State Grid Shanghai Municipal Electrical Power Company (SGCC) produces and distributes power from coal, gas, integrated gasification combined cycle (IGCC), wind, and solar. The company was founded in 1985 and is based in Shanghai, China. Shanghai Municipal Electric Power Co., Ltd. operates as a subsidiary of State Grid Corporation of China.
SGCC has been a long-time user of NetIQ Identity Manager™ and NetIQ Access Manager™ to provide a unified identity solution for its 34,000 users. In recent years security has become a more serious issue, with criminals actively harvesting information from data breaches, leading to revenue losses.
Although SGCC had a security system in place to protect its business systems and unified identity systems, the solution wasn’t satisfactory, as Mr. Lu Shida, Director at SGCC, explains: “We couldn’t report on our data in a centralized manner, all the data was separated into different systems. That meant that when we found a security threat, our security administrators would need to examine the logs for each business system. This would take too much time; time in which a security breach could do untold damage to our business. This manual and time-consuming process meant we couldn’t meet our compliance regulations and were being charged penalties.”
SGCC needed a solution to help quickly identify data breaches and data theft. It also needed support in highlighting account password breaches and auditing so-called ‘zombie’ accounts; accounts which aren’t in active use, but which could pose a security risk. As an existing Micro Focus identity and access management customer, it was vital that the security solution integrates with the unified identity solution.
SGCC investigated the market to look for an agile, scalable, and high performance security solution which could be integrated with the Micro Focus identity and access system. SGCC evaluated NetIQ Sentinel, along with EMC eVision and IBM Qradar. EMC was discounted as the software is typically bundled in with EMC hardware; it doesn’t contain an auditing and reporting module, which was important to SGCC; and proved an expensive option. Though the IBM solution was of interest, SGCC was concerned about the lack of IBM support services in China and its ability to help deliver the project.

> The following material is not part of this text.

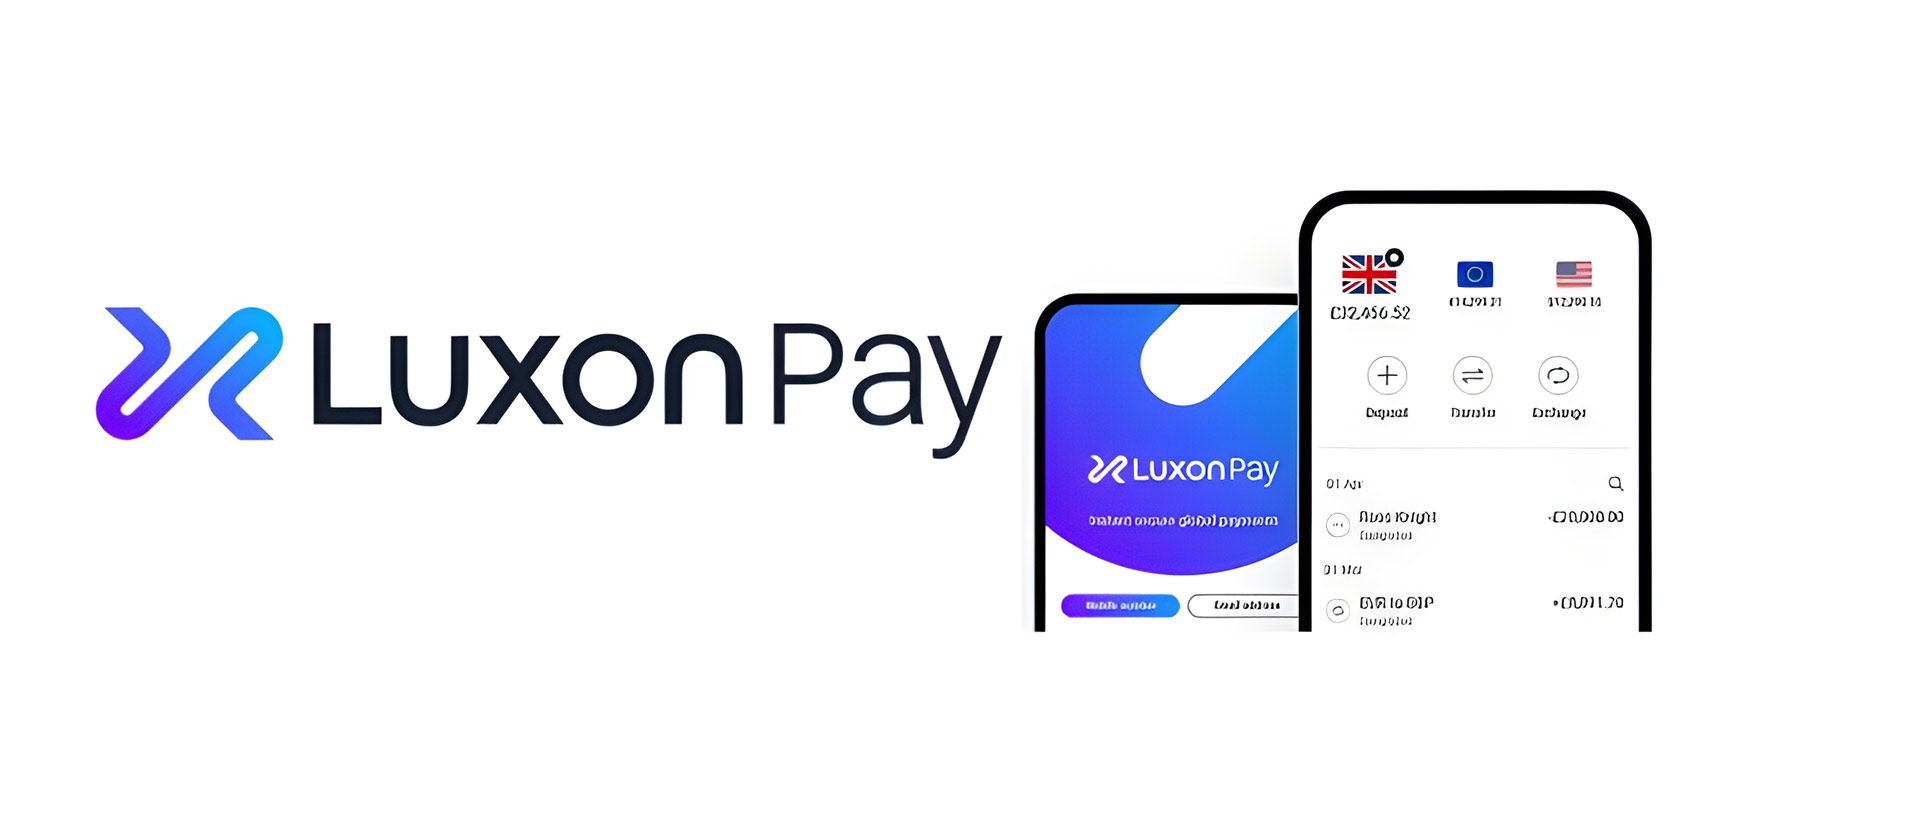 Nettcasinoer som godtar Luxon Pay i Norge.
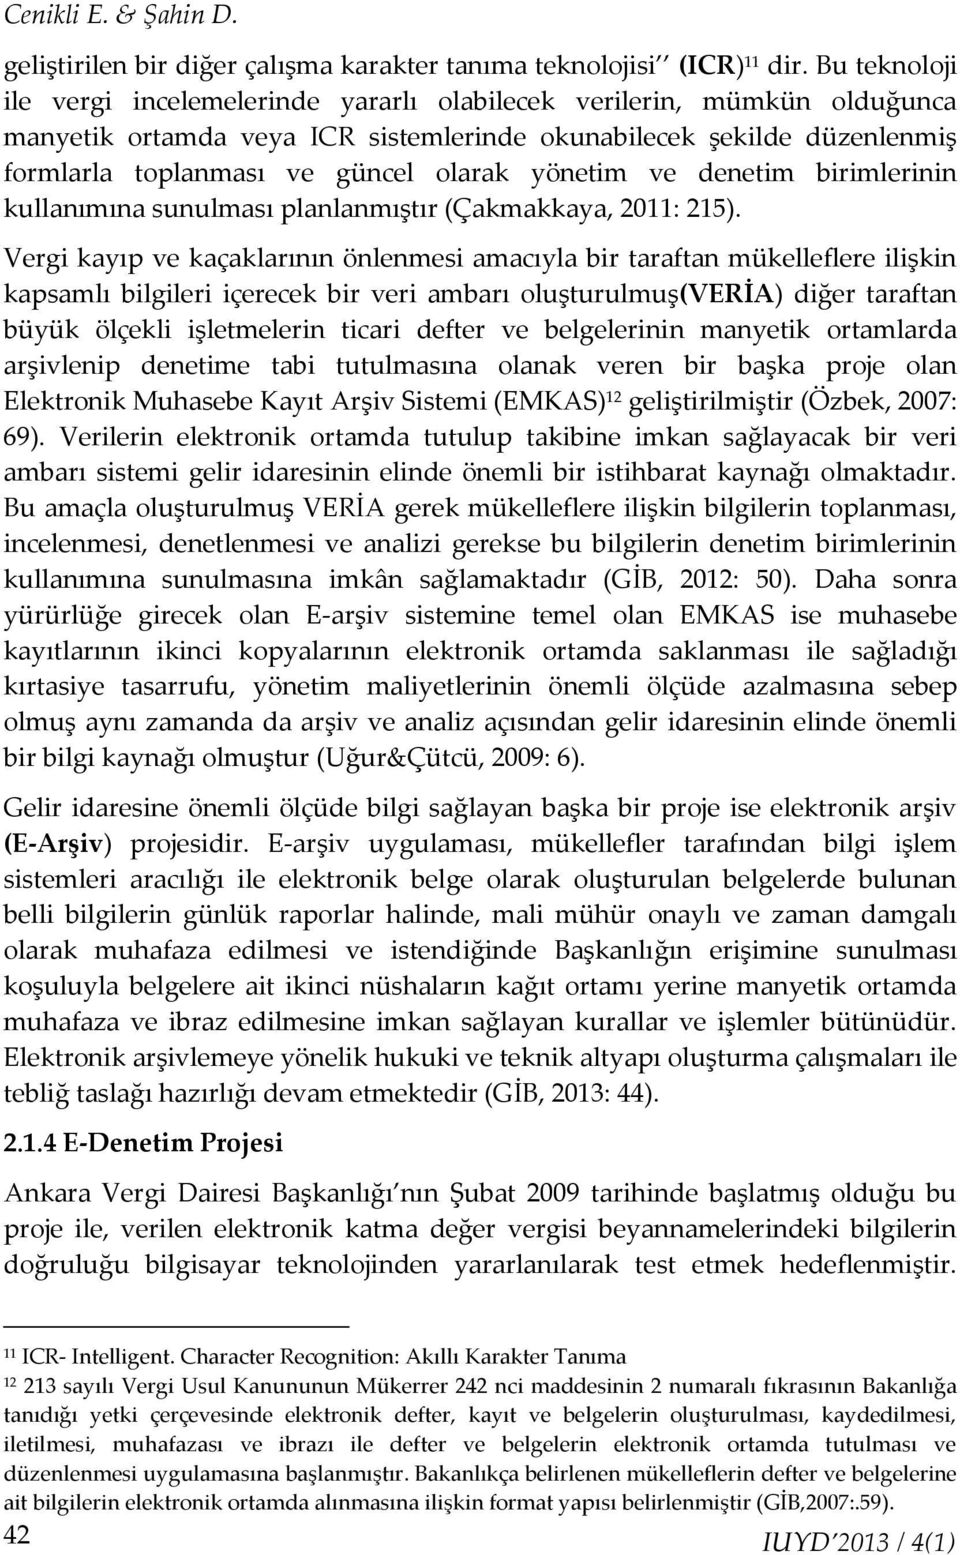 yönetim ve denetim birimlerinin kullanımına sunulması planlanmıştır (Çakmakkaya, 2011: 215).

Mr. Lu Shida comments on the decision for Sentinel: “The native integration between Sentinel and our unified identity system allowed us to introduce many more security features without having to change our system architecture. The Sentinel components are scalable and can easily be extended to meet any future needs we might have. The Sentinel implementation was easy and we were quickly up and running.”
The solution creates daily reports for key application systems and it audits users who have bypassed the unified identity system so that alerts are sent to the security team. Quarterly, the system generates a report to highlight accounts which haven’t been used, so that these ‘zombie’ accounts can be closed down.
With 34,000 users to manage, understanding the “who, what, when, where, and how” of user system access is essential for controlling insider-based risks. Sentinel integrates security data with unique user identity information to help SGCC quickly identify risky access behaviors. To support SGCC’s compliance position, Sentinel simplifies the collection of security events to automate compliance audit and reporting functions and significantly reduce the complexity, time, and costs of locating and preparing data required by auditors.
Security has strengthened the entire SGCC infrastructure, while security management and labor costs are reduced, as explained by Mr. Lu Shida: “With the introduction of Sentinel, we were able to reduce our IT security staff from five to just two. Having the security data at our fingertips means we can respond 80 percent faster to any security breaches, and we have reduced our overall security incidents by 50 percent. This has led to a 90 percent reduction in economic losses caused by security breaches.”
He concludes: “With the Sentinel implementation, ensuring we are always security-compliant is so much simpler. Through the clear and transparent system, we can quickly identify and respond to any security threats. Monitoring and auditing is easy and through the vital integration between the Micro Focus solutions we can manage our ‘zombie’ accounts and have a deep understanding of user access rights for every application we run. Micro Focus has supported us throughout this process and we look forward to our continued partnership.”
The native integration between Sentinel and our unified identity system allowed us to introduce many more security features without having to change our system architecture.
With the introduction of Sentinel, we were able to reduce our IT security staff from five to just two. Having the security data at our fingertips means we can respond 80 percent faster to any security breaches, and we have reduced our overall security incidents by 50 percent.